The two biggest shifts in data privacy related to targeted advertising are Apple’s iOS 14 update and Google’s announcement that they’ll “stop targeting based on past user’s web browsing” (you’ll understand why I added the quotes later).
Apple’s iOS14 update will require apps who track people outside of that same app to ask for user permission. This is the example of students joining my course through a Facebook ad: they see the ad on Facebook, but they join it following a process on Safari. It’s also the example of virtually any e-commerce advertising on Facebook.
If a student denies Facebook the option of tracking her outside of its app, Facebook won’t know that she joined the course in Safari. And remember that this is a big issue for Facebook, because its AI can’t have positive examples to learn from (making its targeting worse, spamming people, driving advertising costs up).
This is so important for Facebook that they bought two full page ads on the New York Times explaining why this move will damage small businesses.
And notice how the whole problem here is not that Facebook cares about reading the actions you take outside of the app. The problem is that its AI needs to know whether the ads it served you worked (or not), so it can find people similar (or different) from you. This whole drama is not about getting your personal data to Zuck, but it’s about giving Facebook’s AI positive and negative examples to learn from. Facebook estimated that without these examples, advertising costs would go up by 60% as a result of poorer targeting.
Google is solving the same problem trough a different path. They renewed their commitment in the blogpost “ steps towards a more privacy-first web “, which will entail phasing out third-party cookies (like FB’s cookie on non-FB websites), and stop serving ads based on individual browsing behaviour.
Emphasis on “individual”. In this new “privacy first web”, Google won’t know what you do on the internet. Instead, **Google will deploy tiny AI models into each of our smartphones,**which will report to Google an aggregated view of our behaviour. Google will then use this view to match you to other people similar to you, without having to directly monitor your specific actions.

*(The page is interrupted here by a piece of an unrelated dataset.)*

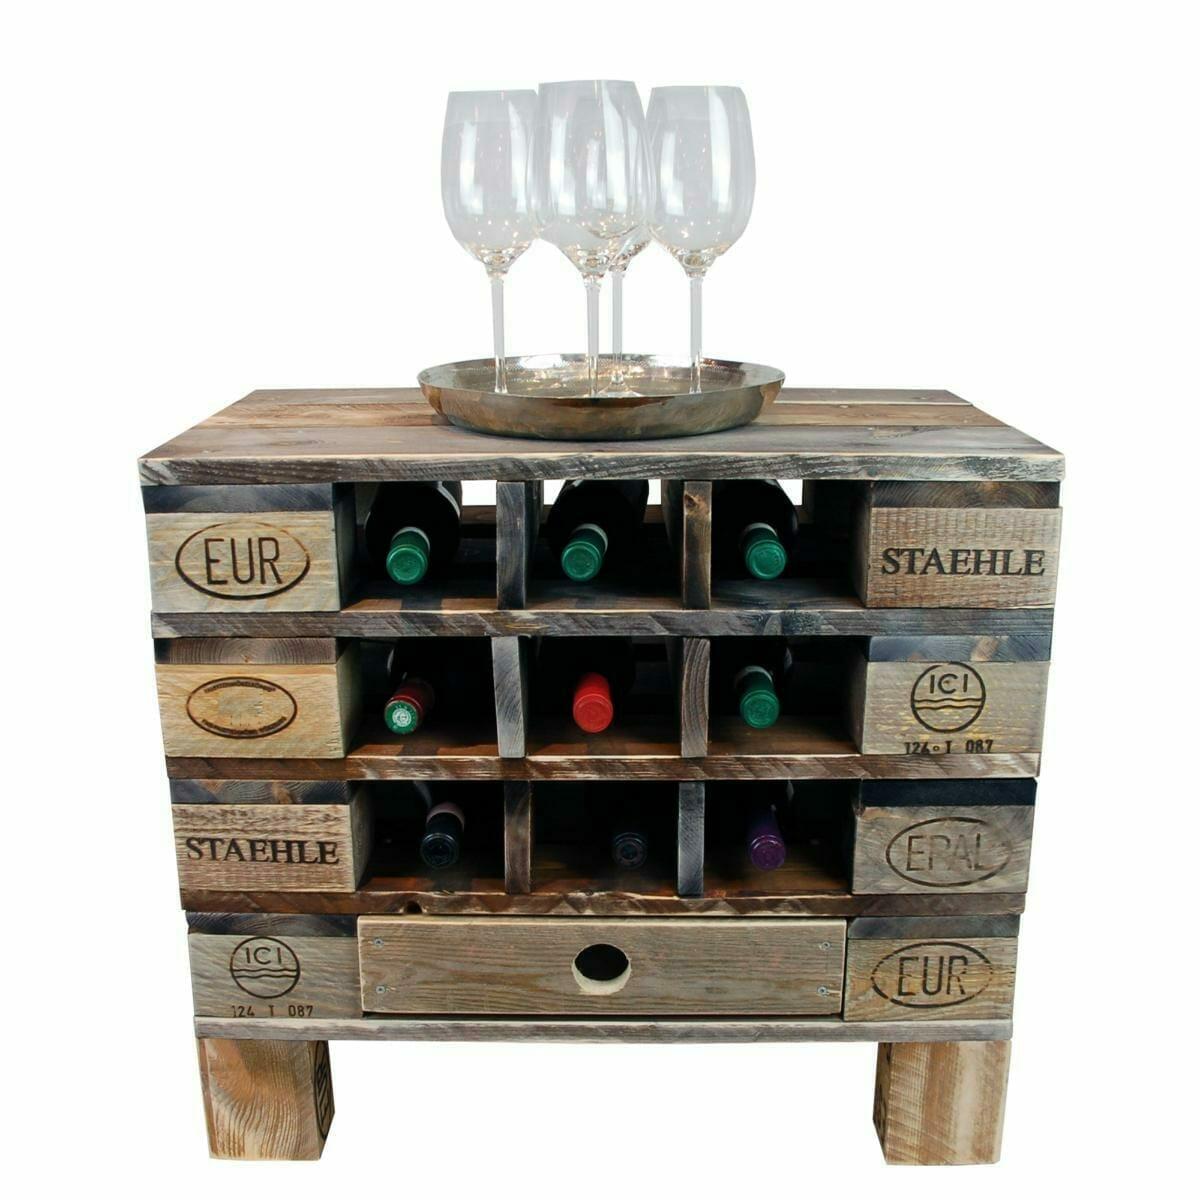 Full Size of Wein Regal Weinregal Schwarz Schmal Casablanca Design Paletten Bauen Holz Diy Metall Flaschenregal Tisch Saris Garage Palettenmbel Shop Schräge Massivholz Regal Wein Regal

In other words, instead of bringing your data to a massive centralised AI model, Google wants to give tiny AI models to everyone’s smartphone so they can consume the data exactly where it’s generated. According to Google, this approach allows them to keep serving relevant ads, without your data ever leaving your phone and therefore preserving your privacy.
There are two things I find fascinating about this battle.
- This is not about Facebook wanting your data to spy on you. This is about Facebook’s AI being hungry for data (in technical terms, “labels”) so it can learn what works and what doesn’t. Zuck doesn’t care about what you do, its AI model does.
- Google’s elegant solution is fascinating, because it solves the problem of personal data-hungry AI with…more AI.
It’s tough to say how the web will look like in 10 years. One thing is for sure: AI is part of the problem, and an even bigger part of the solution.